Меня старец сам иногда будил рано и полусонного вел с собой в церковь, напоминал – какого святого сегодня, заставлял петь и читать, чтобы не отставать от церковной диаконии, а по большим праздникам и по воскресным дням я всегда пел и читал Апостола, как и дома в Загорах.

Мог ли такой старец благосклонно относиться к моей новой дружбе с молодым сорви-головой корфиотом и с турченком, который, как все почти турчата, у нас считался несколько развращенным?

После того как Аристид и Джемиль посетили меня раза два, отец Арсений спросил у меня: «Часто ты бываешь у этого калдырим-челибея, у этого гранителя мостовой (уличного барина)

Я солгал и сказал, что редко.
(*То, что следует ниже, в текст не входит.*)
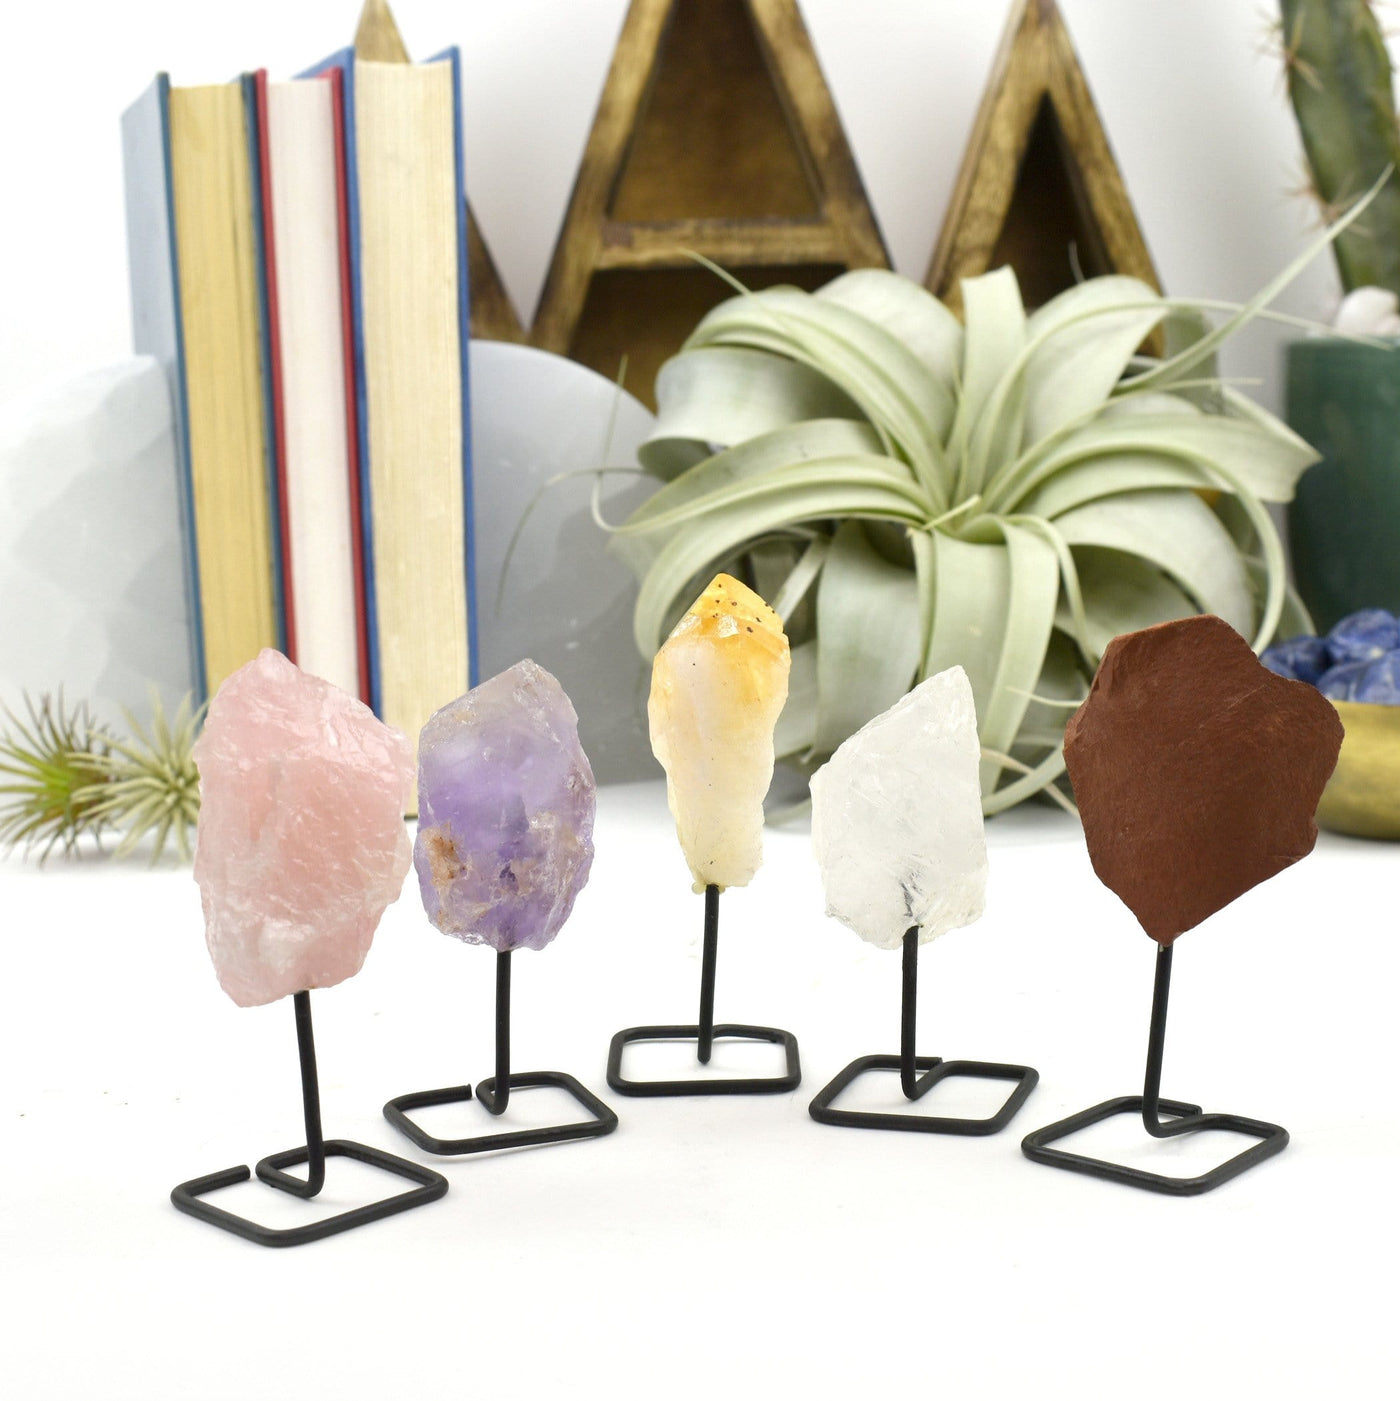 Natural Crystal Decor - Rough Stone on Metal Stand - 5 stones on a table

Мне было так весело с Аристидом! «Как знаешь, сказал священник, только я скажу тебе, берегись ты таких молодцов». Больше он на первый раз ничего не сказал; а я поспешил только предупредить моих друзей, чтоб они на наш двор не ходили за мною часто и что я и сам их найду, где нужно. И стали мы почти неразлучною троицей: то у Аристида, то у Джемиля в доме, то за городом, то у дальних кофеен на лужайках, и все смех громкий, веселые песни, рассказы непристойные, пересуды и насмешки над старшими… Я заботился только об одном, чтобы не слишком опаздывать вечером; тогда бы отец Арсений заметил, что я уже слишком много где-то гулял, и узнал бы истину.

Аристид не раз уговаривал меня сходить с ним вместе в предместье и посетить которую-нибудь из лучших городских гетер. Он говорил:

– Куда хочешь: хочешь к Анне, хочешь к Вьене, хочешь к Нице; хочешь, наконец, к черной арабке Бессире? Я их всех знаю. Арабка – это любопытнее; у Анны волосы очень густые и длинные; Вьена лучше всех смеяться и шутить умеет; а Ница первая по красоте и такая благородная, как самая важная мадама. В шелковом черном платье, и родинка на щеке, и даже брат у неё родной офицером в Элладе служит. Ее паши любили. Куда хочешь?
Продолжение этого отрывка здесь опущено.